Exponential sums estimates

Suppose that $t\ge 2$ and $N\in\mathbb Z_+$ are large, and $1 \leq M \leq N \leq t$. Set $r:=\big\lfloor\frac{5.01 \log t}{\log N}\big\rfloor$. Then \[\sum_{N<n \leq N+M} n^{-i t}=O\Big(M N^{-4 / 5}\max _{N \leq n \leq 2 N} |U(n)|+N^{4 / 5}+M t^{-1 / 500}\Big),\] where \[U(n):=\sum_{x \in[K]} \sum_{y \in [K]} e\Big(\sum_{m\in[r]}\alpha_{m} x^{m} y^{m}\Big), \quad \alpha_{m}:=\frac{(-1)^{m} t}{2 \pi m n^{m}}, \quad K:=N^{2 / 5}.\]

Proof.

If $x, y\in[K]$, then \[\begin{aligned} \sum_{N<n \leq N+M} n^{-i t}&=\sum_{N-xy<n \leq N+M-xy} (n+xy)^{-i t}\\ &=\sum_{N<n \leq N+M} (n+xy)^{-i t} +\sum_{N-xy <n \leq N} (n+xy)^{-i t}\\ &-\sum_{N+M-xy<n \leq N+M} (n+xy)^{-i t}. \end{aligned}\]

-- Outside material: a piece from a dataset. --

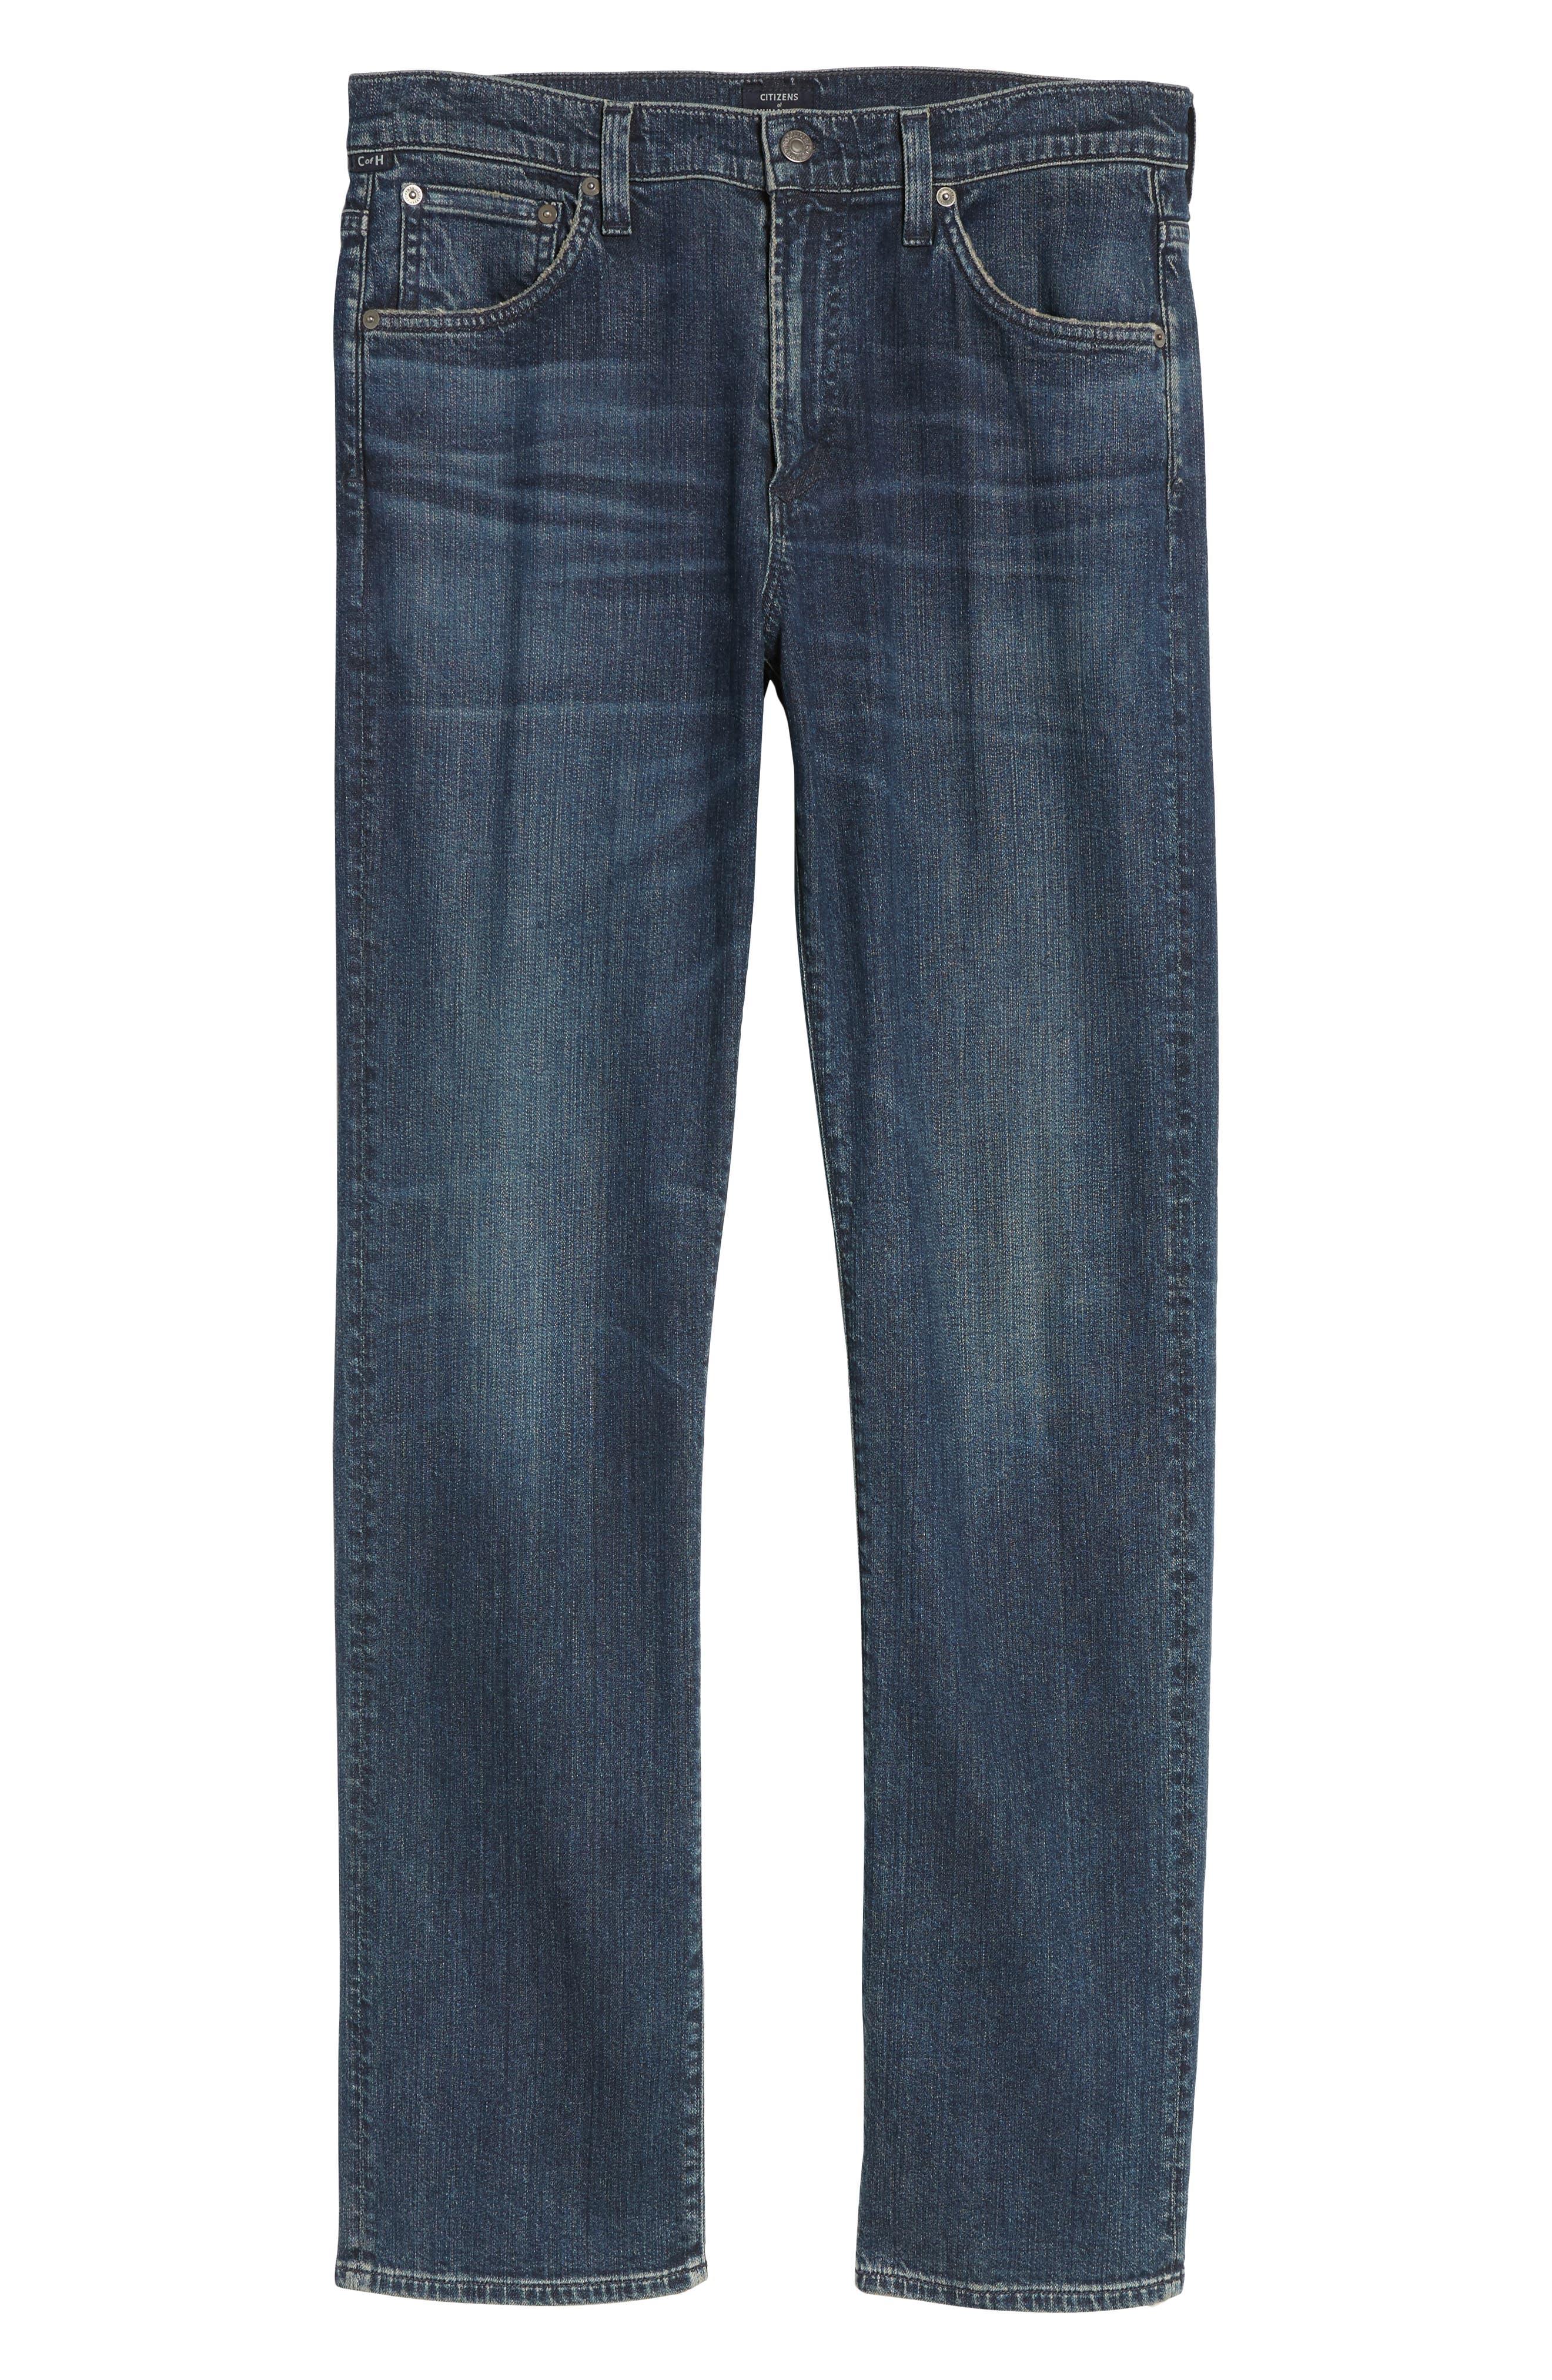 Sid Straight Leg Jeans,                             Alternate thumbnail 6, color,                             BLAZE

Therefore, by averaging over $x, y\in[K]$ and shifting $n\to n+xy$, we obtain \[\begin{aligned} \sum_{N<n \leq N+M} n^{-i t}&=K^{-2}\sum_{x\in[K]}\sum_{y\in[K]}\sum_{N<n \leq N+M} n^{-i t}\\ &=K^{-2}\sum_{x\in[K]}\sum_{y\in[K]}\sum_{N<n+xy \leq N+M} (n+xy)^{-i t}\\ &=K^{-2}\sum_{x\in[K]}\sum_{y\in[K]}\sum_{N<n \leq N+M} (n+xy)^{-i t}+O(K^2), \end{aligned}\] since \[\Big|\sum_{N-xy <n \leq N} (n+xy)^{-i t}\Big|= \Big|\sum_{N+M-xy<n \leq N+M} (n+xy)^{-i t}\Big|=O(K^2).\]
Next, since $x y / n \leq N^{-1 / 5}$, observe that \[\begin{aligned} \log \left(1+\frac{x y}{n}\right)&=\sum_{j=1}^{r} \frac{(-1)^{j-1}}{j}\left(\frac{x y}{n}\right)^{j} +O\left(\left(\frac{x y}{n}\right)^{5.01(\log t) / \log N}\right)\\ &=\sum_{j=1}^{r} \frac{(-1)^{j-1}}{j}\left(\frac{x y}{n}\right)^{j}+O\left(t^{-(1+1 / 500)}\right). \end{aligned}\]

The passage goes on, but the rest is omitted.